After Obama was elected, the decommissioning of the Shuttle fleet remained on course, while the program to develop off-planet resources [with a different launch vehicle] and slowly build up and hand over to commercials companies, was scrapped.

Commercial space (COTS begun under Bush) became NASA's central focus [mission] under Lori Garver. The U.S. national space program began receding into the background and Space X began it's ascent.

Space X [Elon Musk owned and run], Telsa Electric Car Co. [Musk owned and run] and Solar City [Musk, the major investor of company headed by his cousin] - ALL par excellence recipients of government contracts, tax credits and carbon credits [$1B territory]. Musk is a large Obama donor.
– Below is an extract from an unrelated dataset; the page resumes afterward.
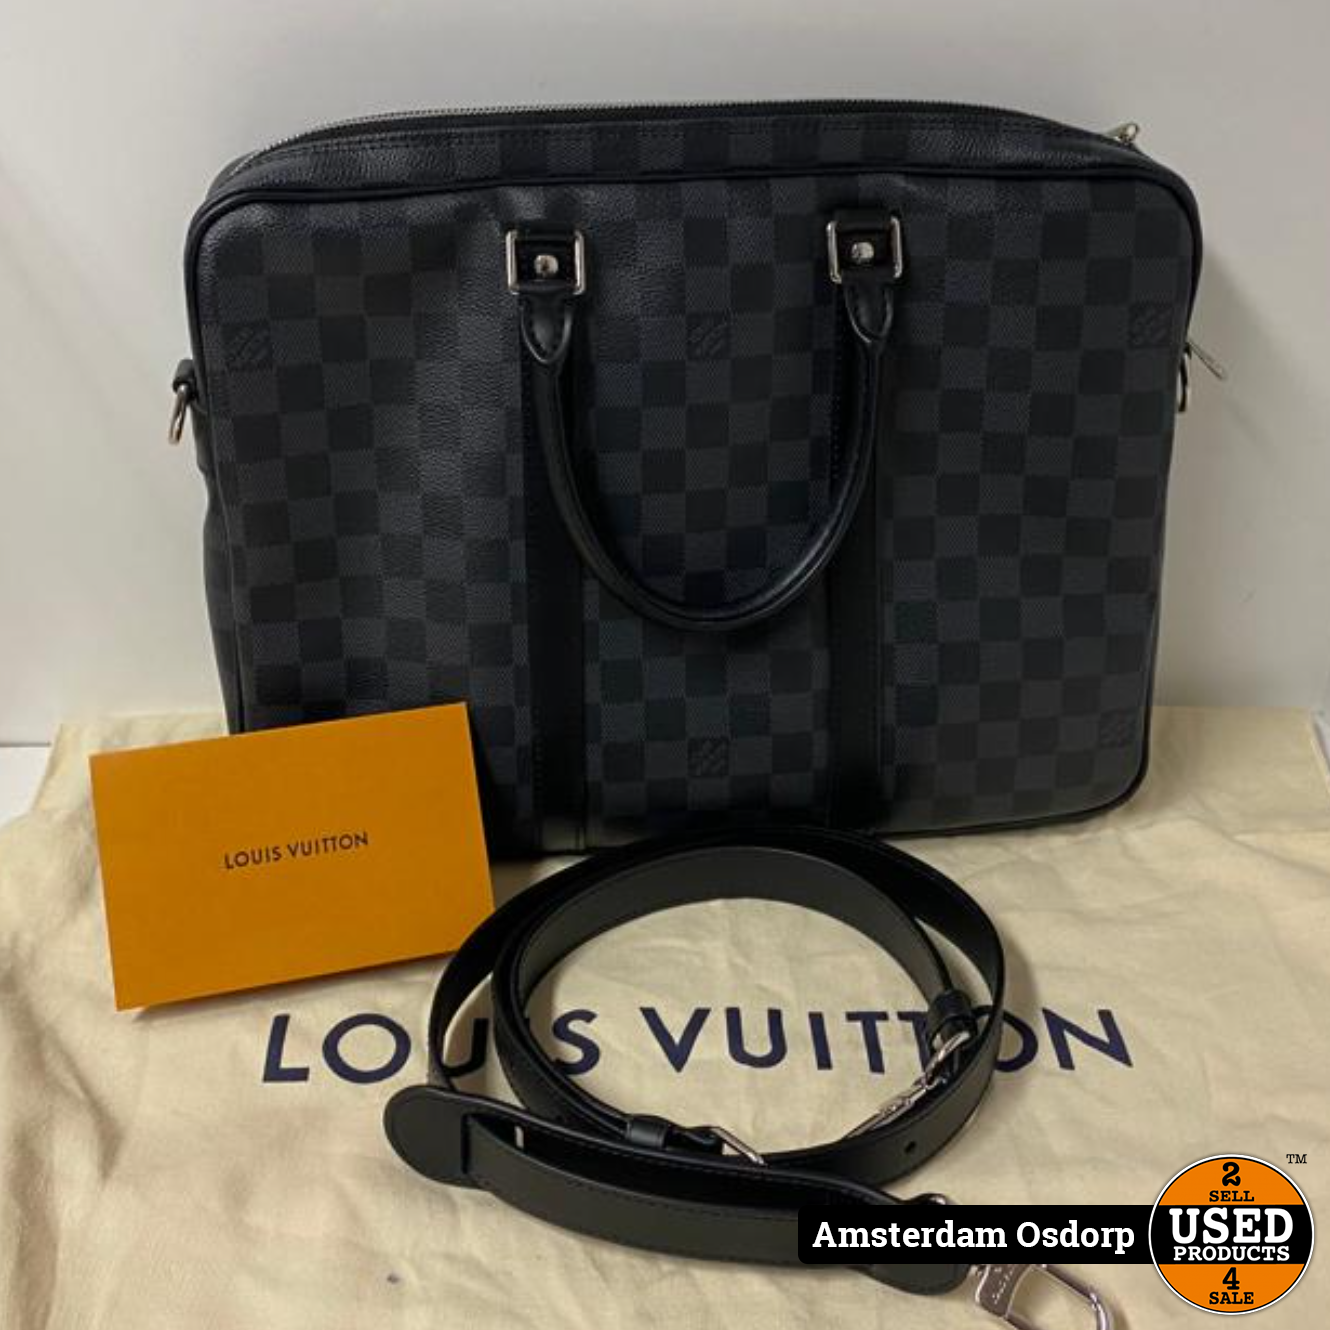 Shop Louis Vuitton MONOGRAM Porte-documents voyage pm (N41478) by

There are ongoing investigations, with calls for more concerning Tesla and Solar City.

Obama's Science and Technology Adviser, John P. Holdren (Population Bomb author w/ Ehrlichs/and other green and population control publications) told U.S. students that the U.S. can not be number one in everything; that it is better for us when the playing field is leveled.

Even China is puzzled by the broken U.S. space program: [China's National Space Science Center Director Wu Ji] "......Wu says he is dismayed by the recent changes in the U.S., whose space programs have long been the envy of the world.

"I don't know if your [NPR] listeners or people living in the U.S. understand these changes," he says. "But as I observe them from the outside, I feel that America is gradually contracting and closing itself off. It's a very strange thing."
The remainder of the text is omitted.